Give back the full listing, character for character, with no pictures.

• Data provided
********

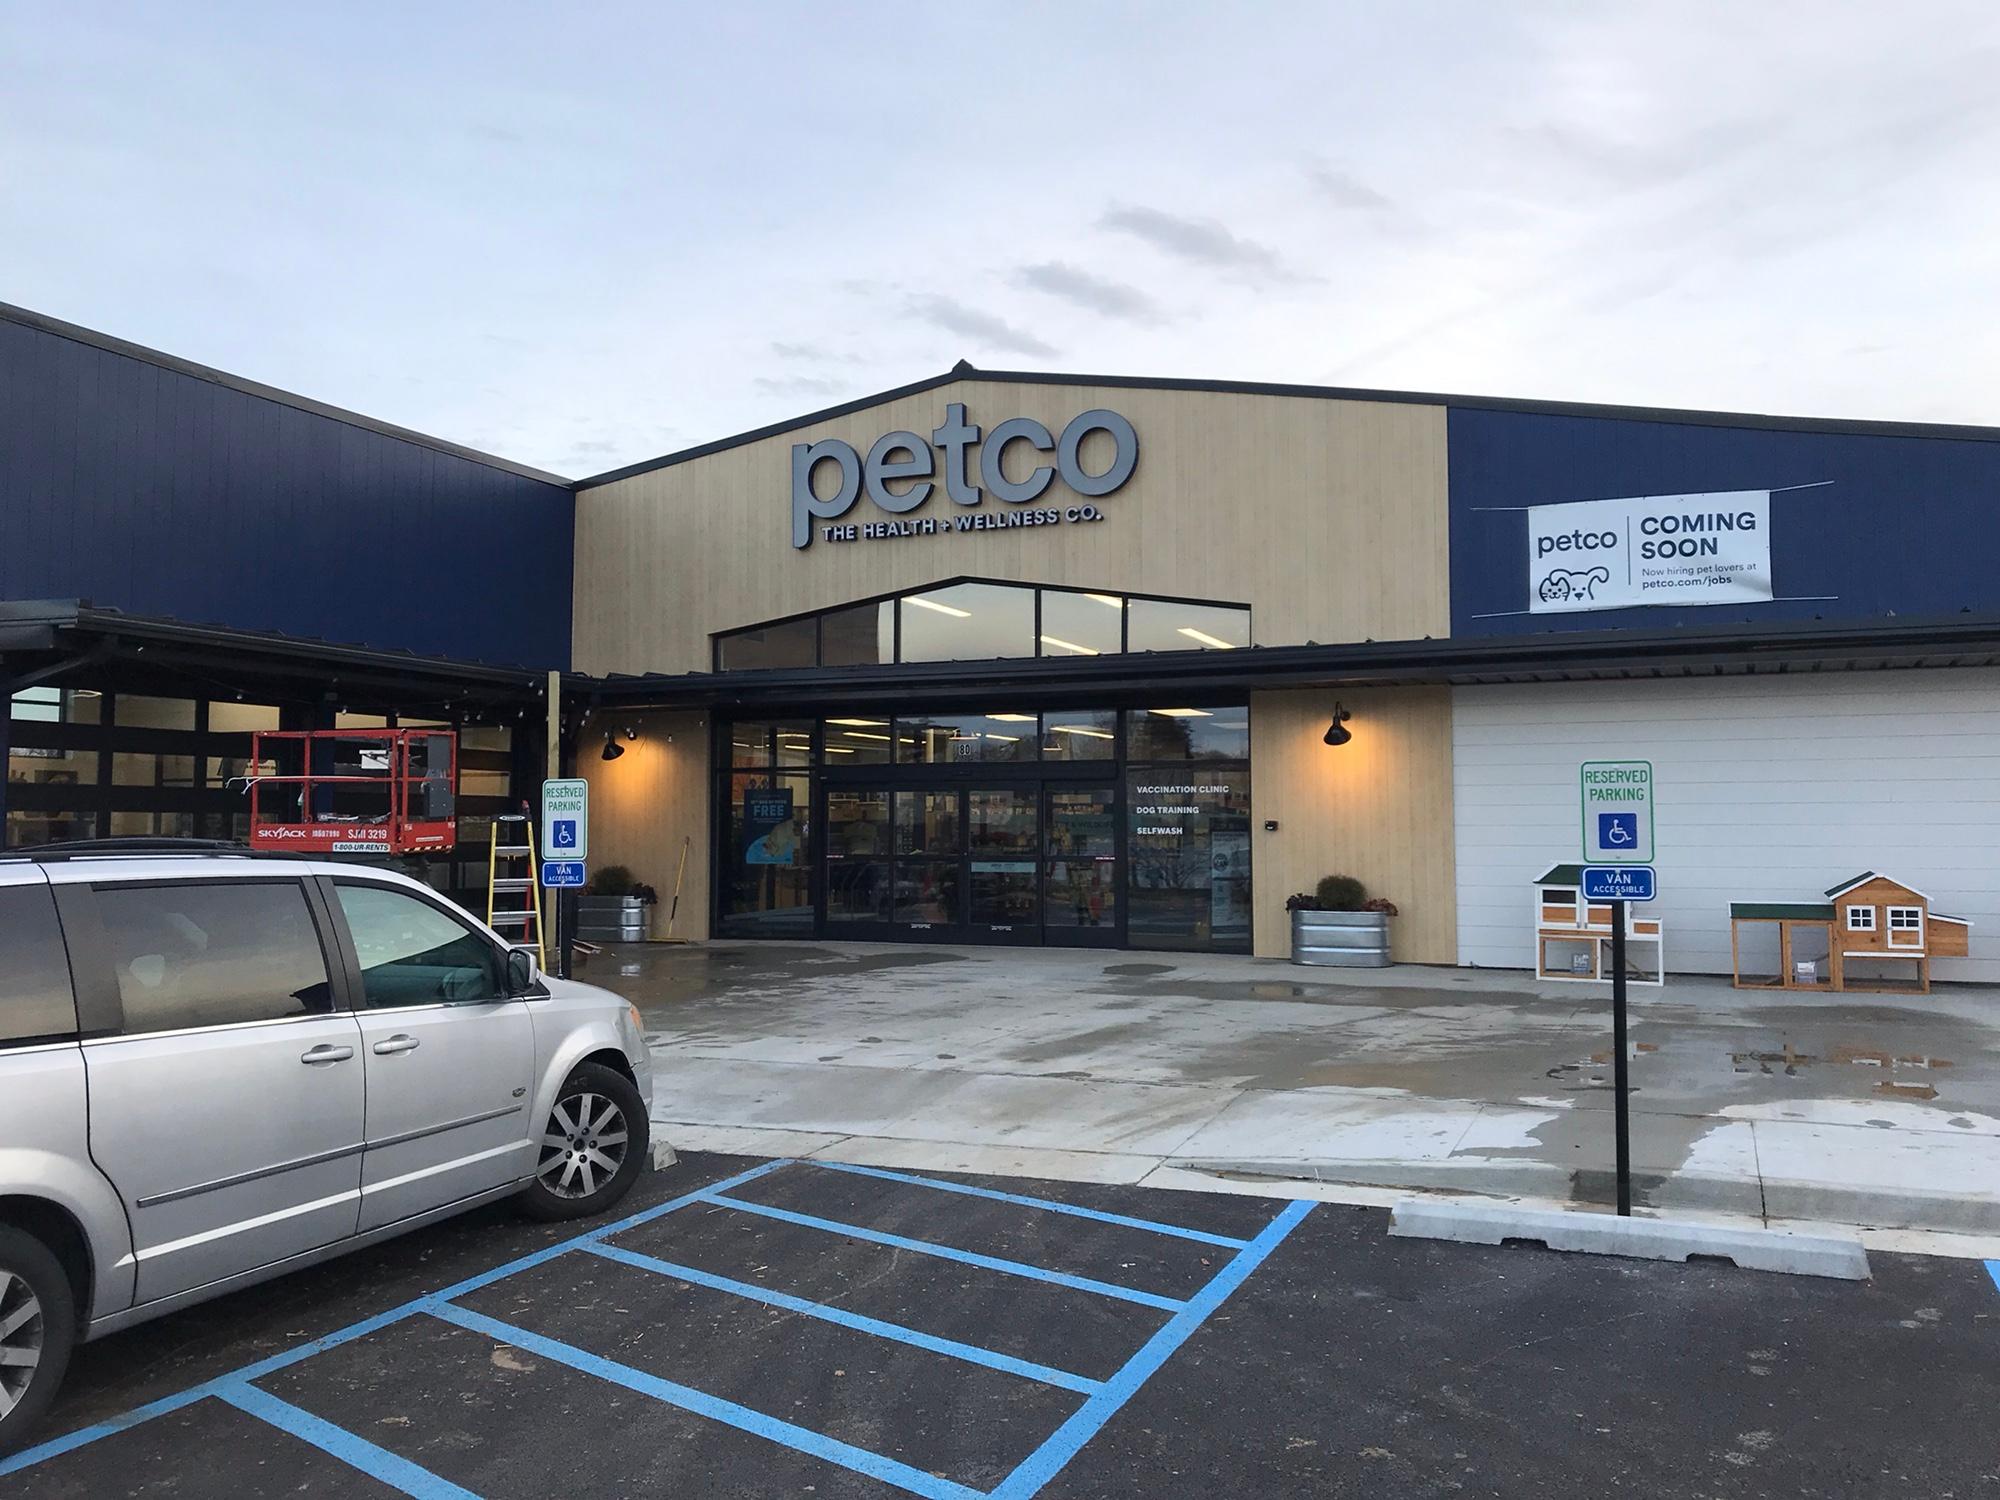 Exterior of Petco pet store in Mount Sterling, KY.
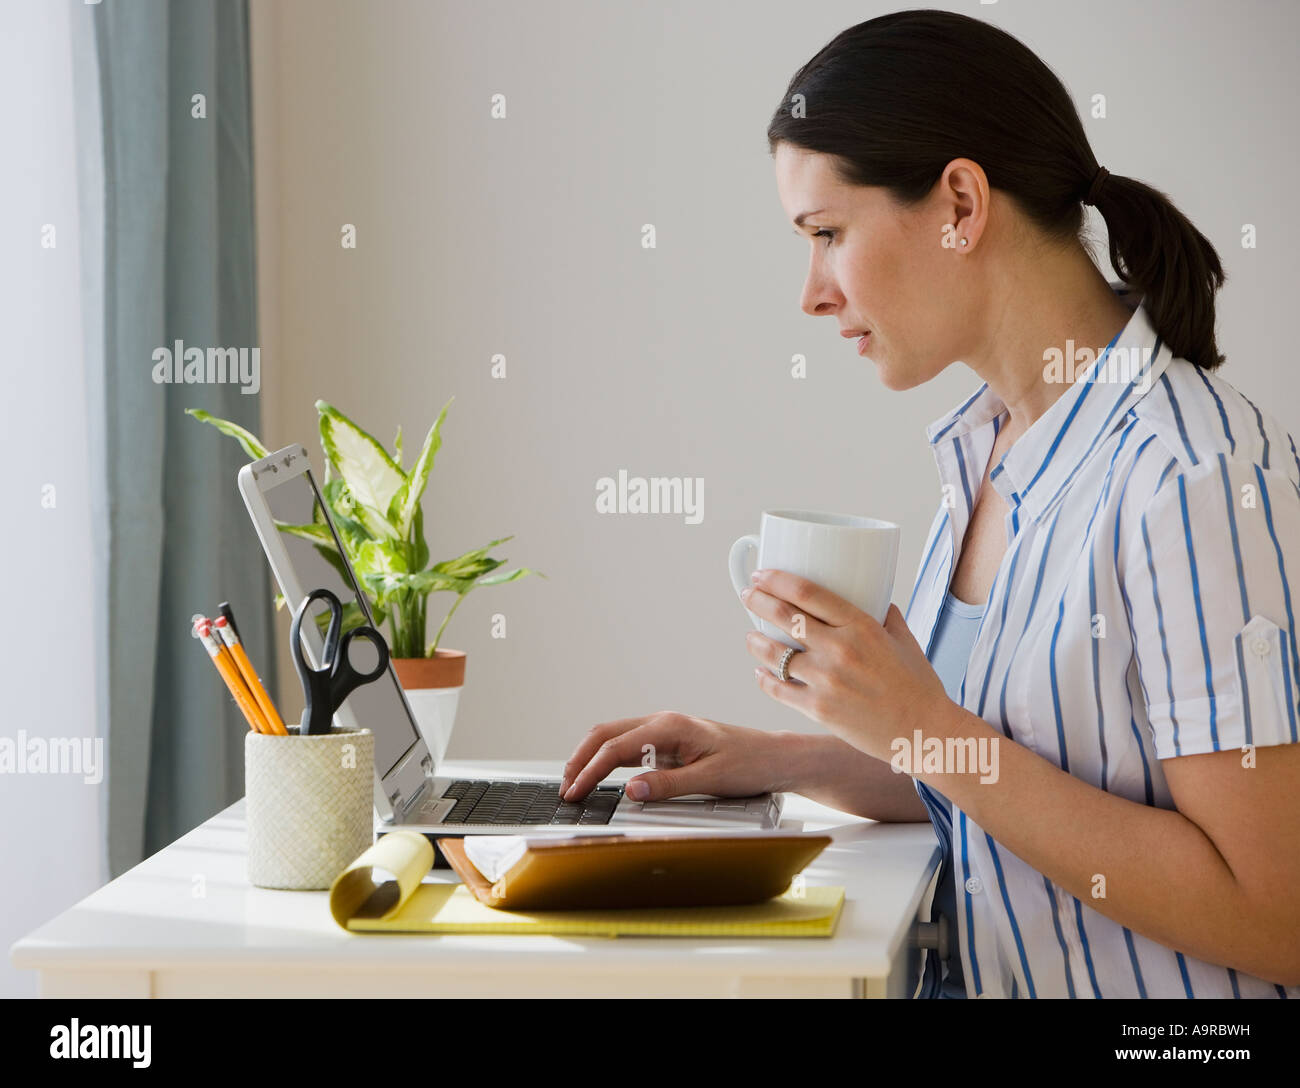 Woman typing on laptop Banque D'Images
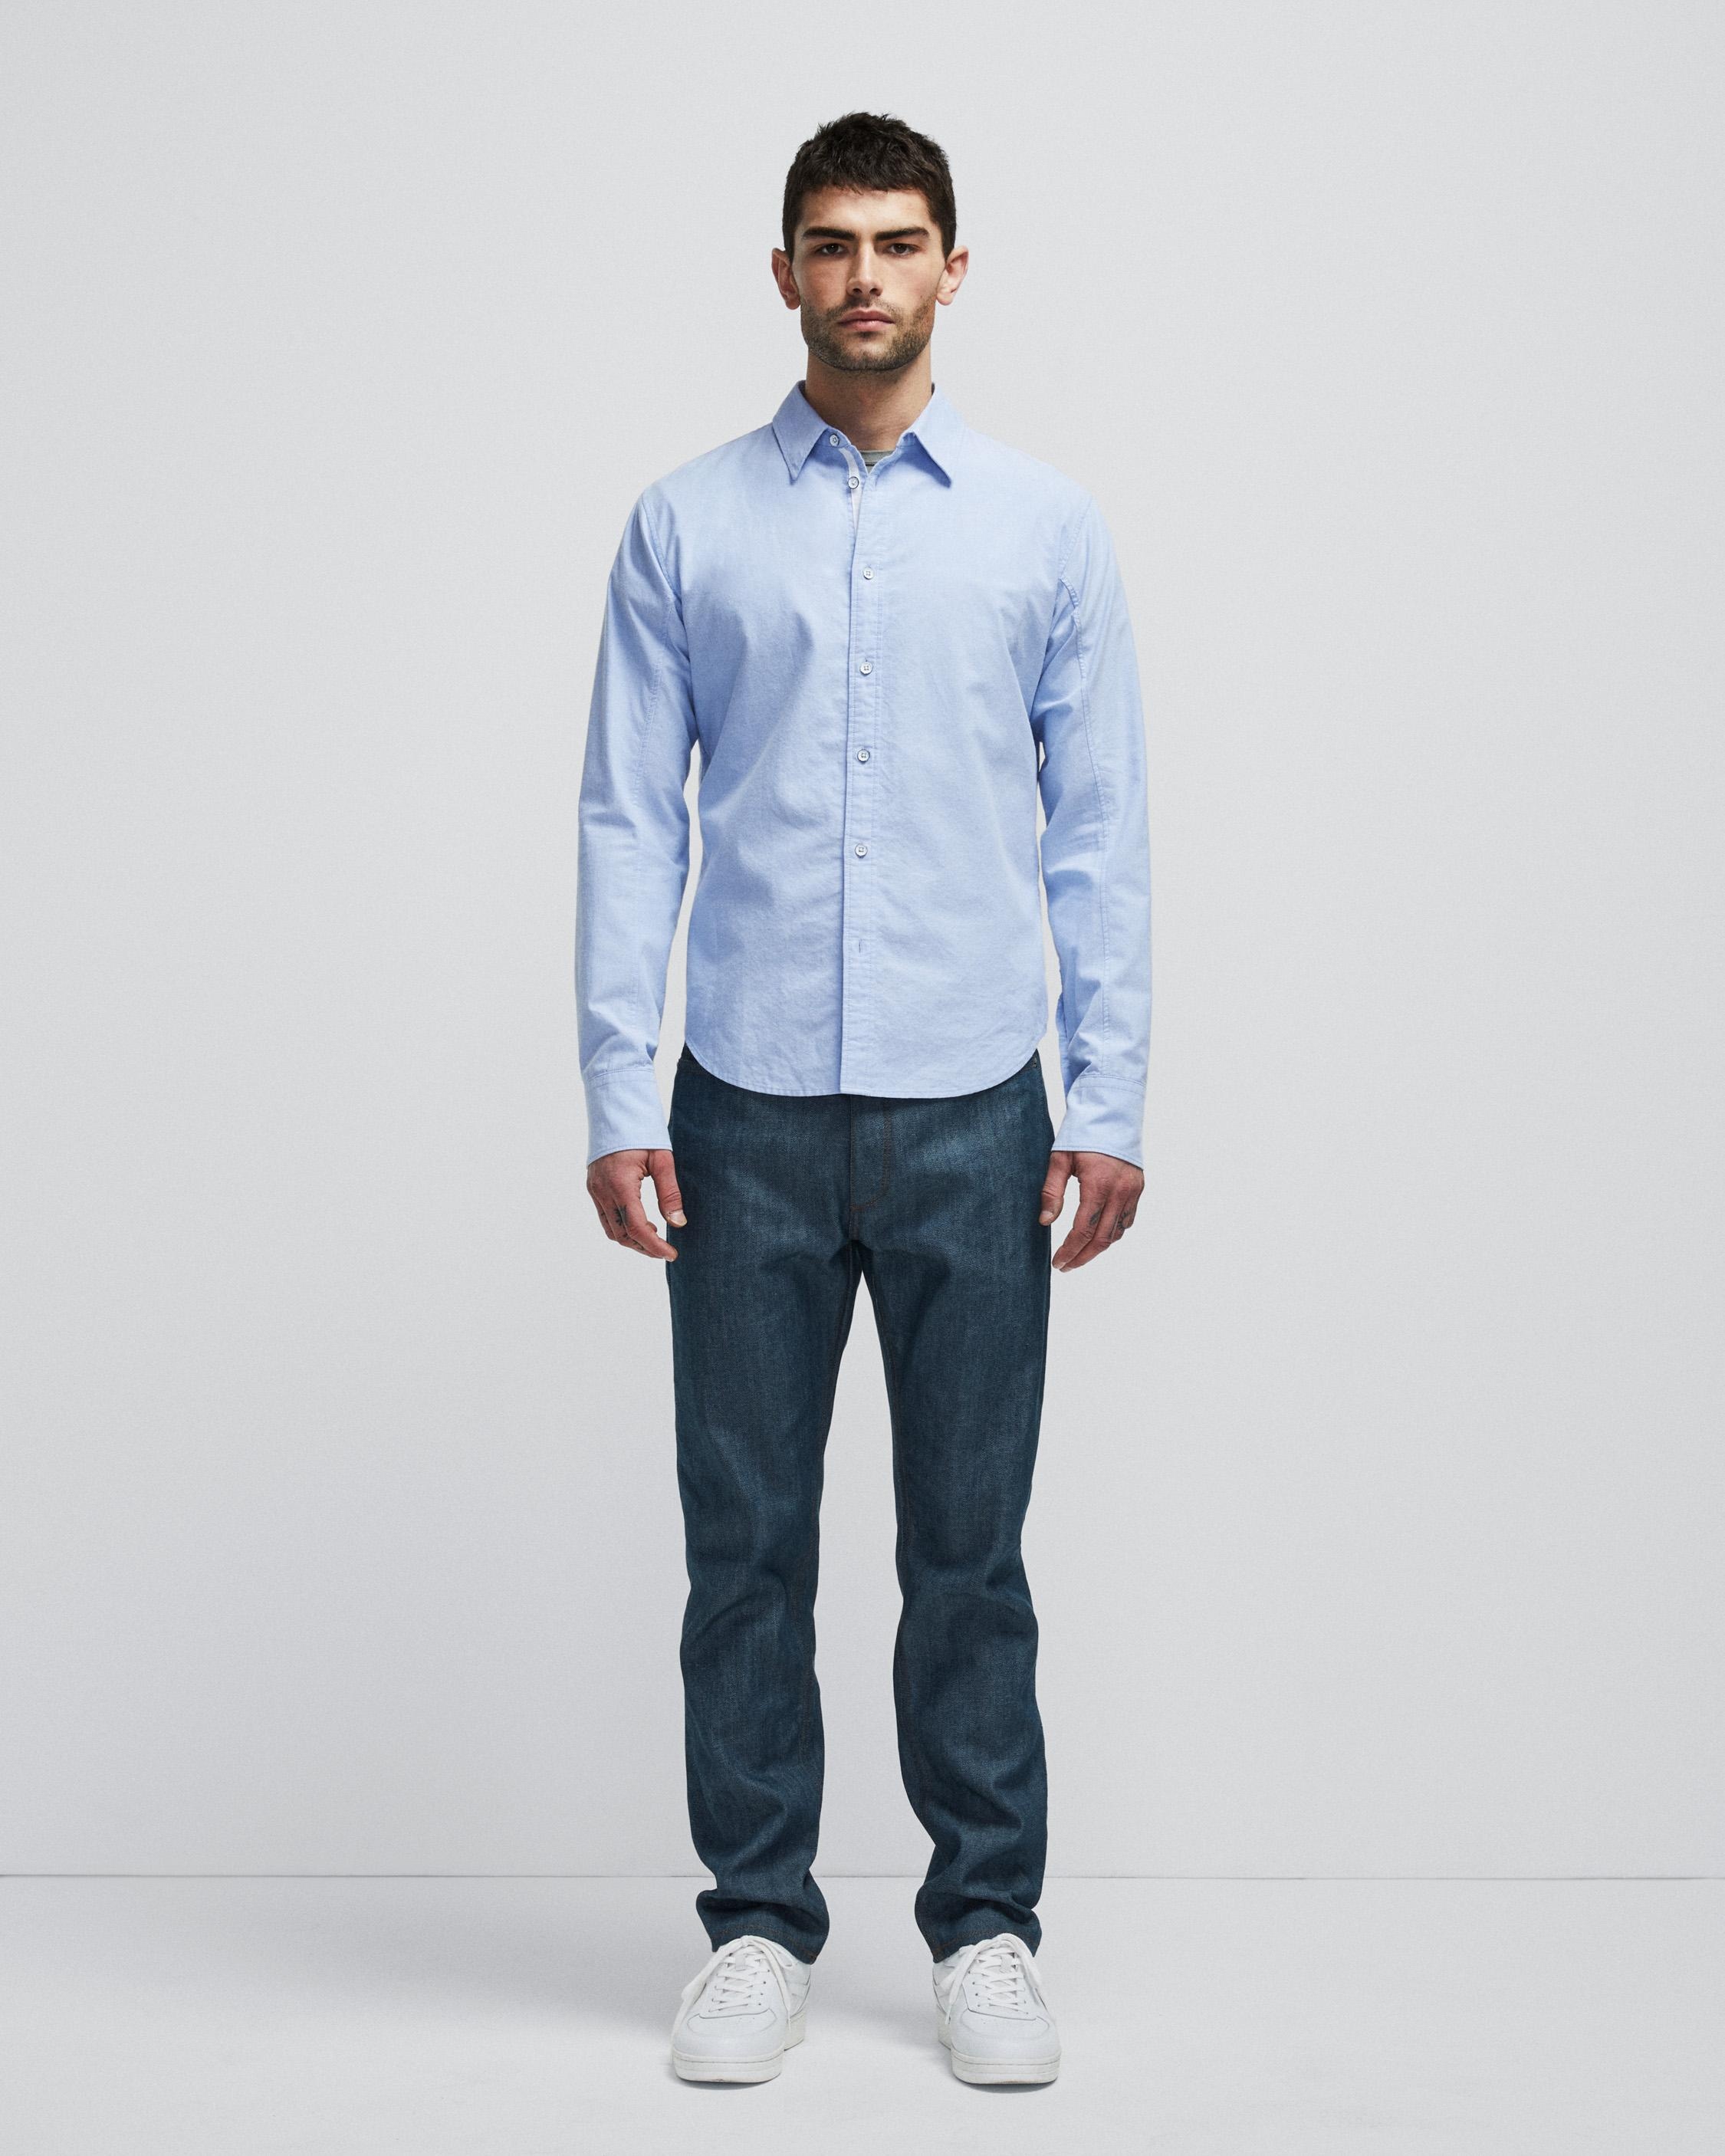 Fit 2 Engineered Cotton Oxford Shirt
Slim Fit Shirt - 2

********

• Written answer
 Exterior of Petco pet store in Mount Sterling, KY.
 Woman typing on laptop Banque D'Images
 Fit 2 Engineered Cotton Oxford Shirt
Slim Fit Shirt - 2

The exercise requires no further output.